TiDB Cloud provides the Chat2Query API, a RESTful interface that enables you to generate and execute SQL statements using AI by providing instructions. Then, the API returns the query results for you.

Chat2Query API can only be accessed through HTTPS, ensuring that all data transmitted over the network is encrypted using TLS.

Note:

Chat2Query API is available for TiDB Serverless clusters. To use the Chat2Query API on TiDB Dedicated clusters, contact TiDB Cloud support.

Step 1. Create a Chat2Query Data App

To create a Data App for your project, perform the following steps:

  1. On the Data Service page of your project, click Create DataApp in the left pane. The data app creation dialog is displayed.

    Tip:

    If you are on the Chat2Query page of your cluster, you can also open the data app creation dialog by clicking ... in the upper-right corner, choosing Access Chat2Query via API, and clicking New Chat2Query Data App.

  2. In the dialog, define a name for your Data App, choose the desired clusters as the data sources, and select Chat2Query Data App as the Data App type. Optionally, you can also write a description for the App.

  3. Click Create.

    The newly created Chat2Query Data App is displayed in the left pane. Under this Data App, you can find a list of Chat2Query endpoints.

Step 2. Create an API key

Before calling an endpoint, you need to create an API key for the Chat2Query Data App, which is used by the endpoint to access data in your TiDB Cloud clusters.

To create an API key, perform the following steps:

  1. In the left pane of Data Service, click your Chat2Query Data App to view its details on the right side.

  2. In the Authentication area, click Create API Key.

  3. In the Create API Key dialog, enter a description, and then select one of the following roles for your API key:

    • Chat2Query Admin: allows the API key to manage data summaries, generate SQL statements based on provided instructions, and execute any SQL statements.
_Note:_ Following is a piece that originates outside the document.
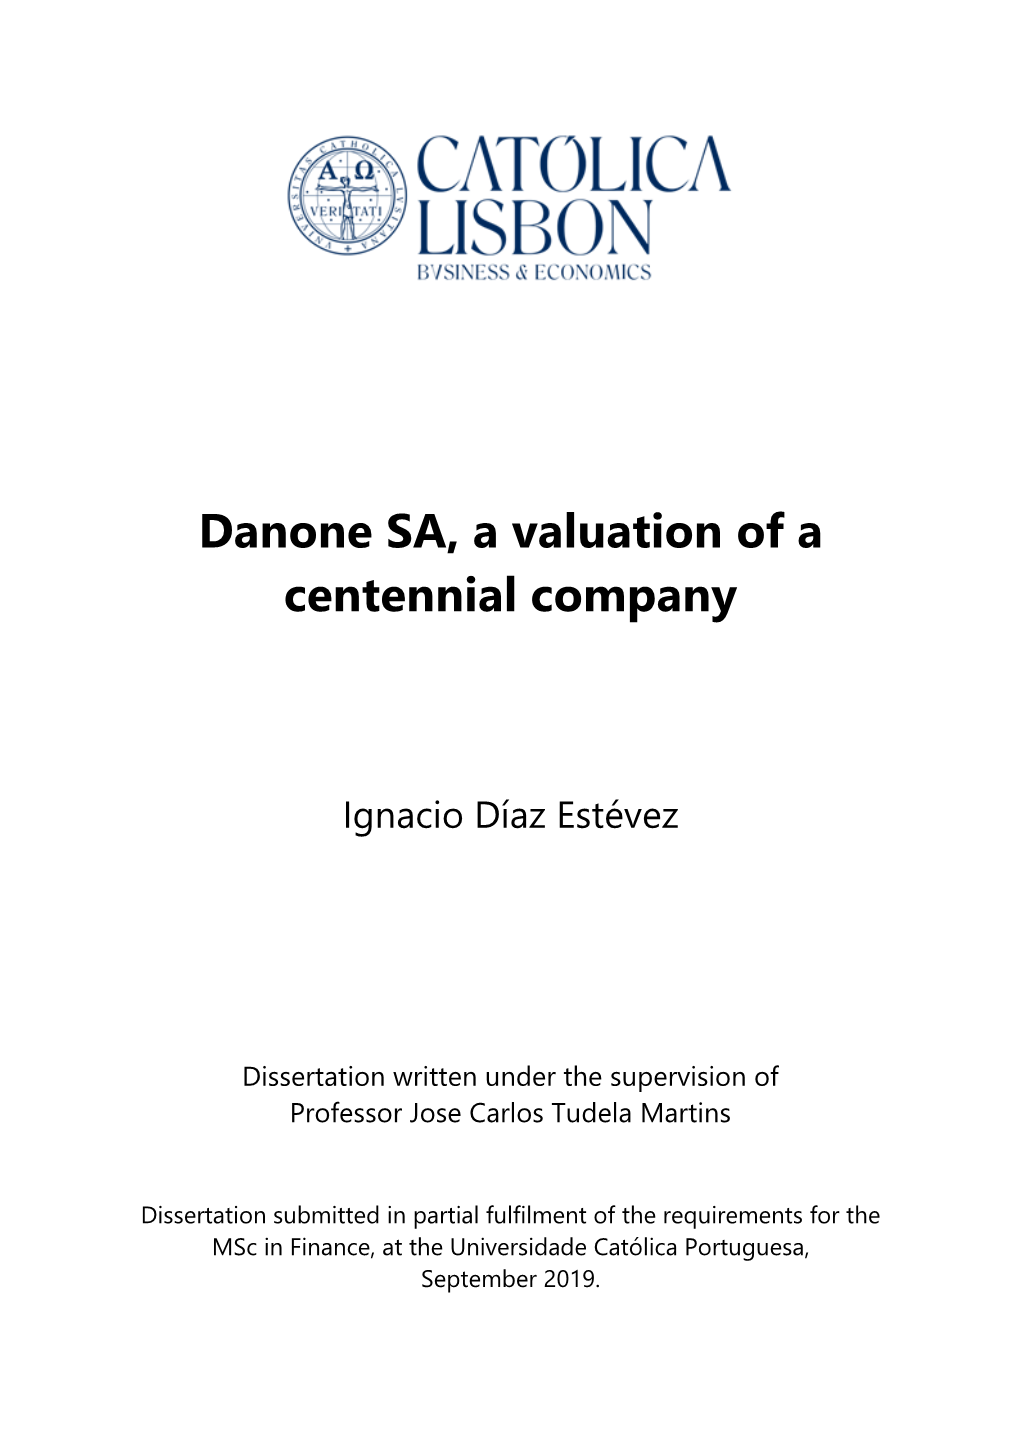 Danone SA, a Valuation of a Centennial Company
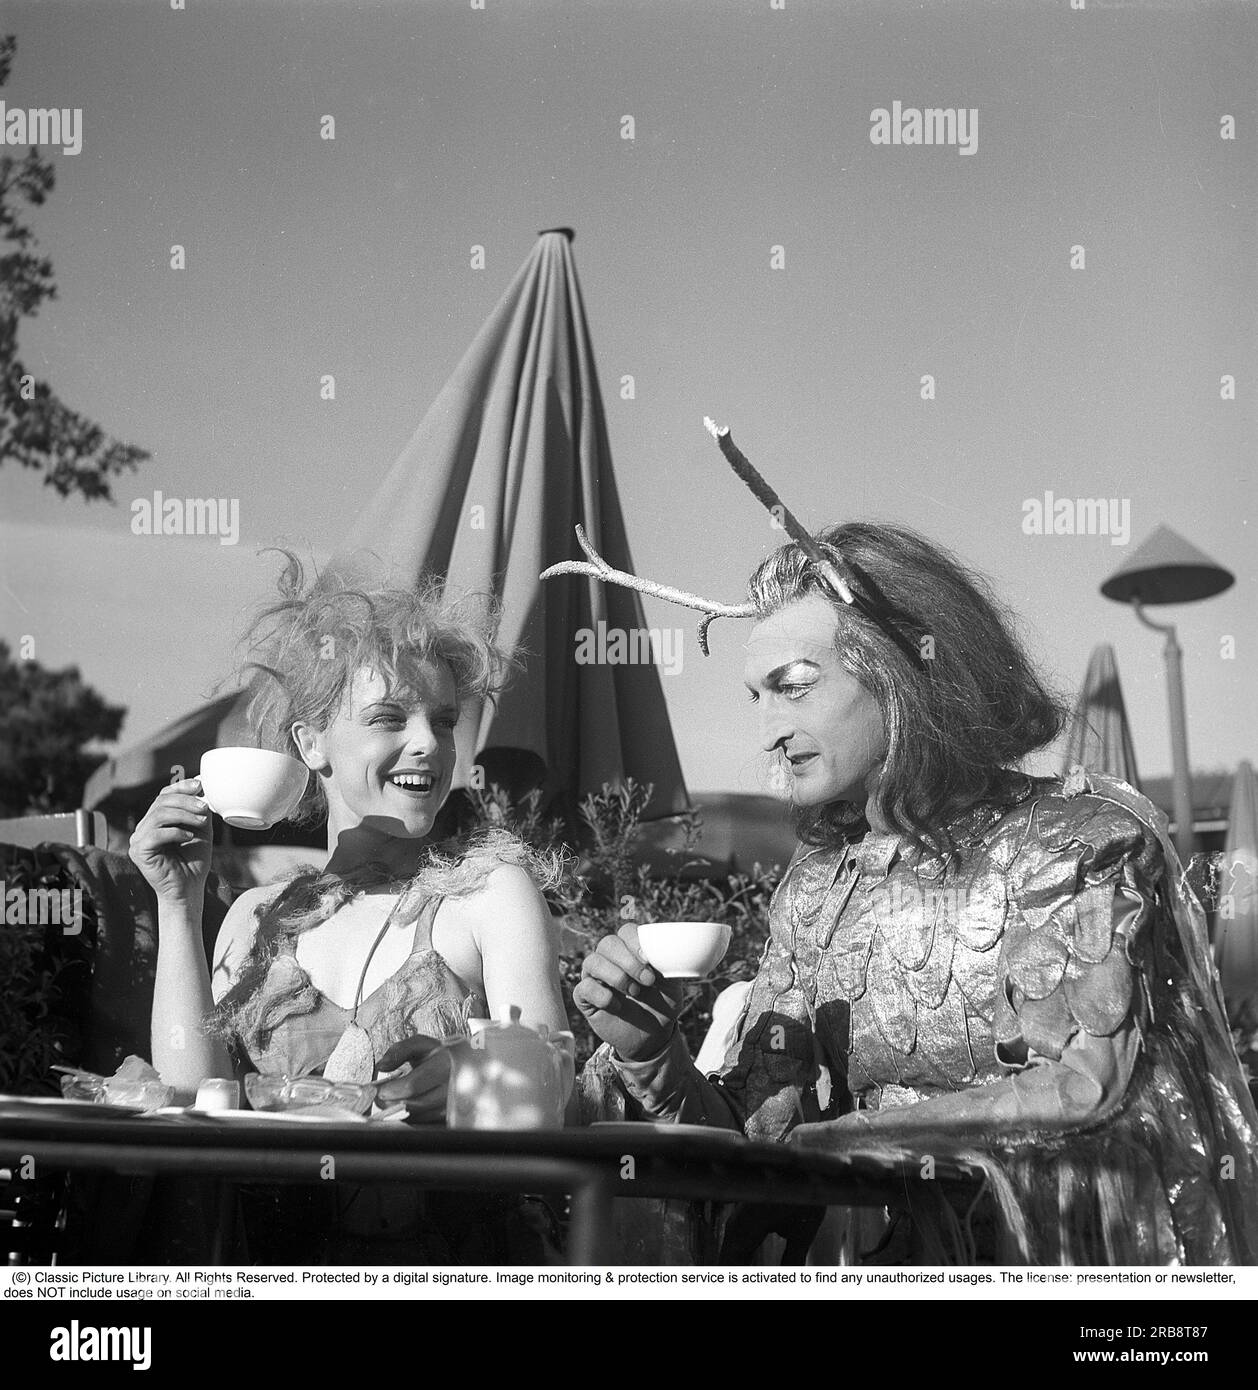 A cargo de Cecile Ossbahr. Nacido el 14 de octubre de 1920, muerto el 27 de diciembre de 2012. Actor sueco. Aquí en el papel de Titania, la reina de las hadas en la actuación Sueño de Una noche de verano en el teatro al aire libre de Skansen en 1946. El teatro fue dirigido durante algunos años por Loren Marmstedt. Su co-estrella Georg Årlin (1916-1992) interpreta el papel de Oberon. Se les muestra en su ropa de escenario tomando una taza de café. Suecia 1946. Kristoffersson ref U45-6 Foto de stock

    • Chat2Query Data Summary Management Role: only allows the API key to generate and update data summaries.

      Tip:

      For Chat2Query API, a data summary is an analysis result of your database by AI, including your database descriptions, table descriptions, and column descriptions. By generating a data summary of your database, you can get a more accurate response when generating SQL statements by providing instructions.

    • Chat2Query SQL ReadOnly: only allows the API key to generate SQL statements based on provided instructions and execute SELECT SQL statements.

    • Chat2Query SQL ReadWrite: allows the API key to generate SQL statements based on provided instructions and execute any SQL statements.

  4. Click Next. The public key and private key are displayed.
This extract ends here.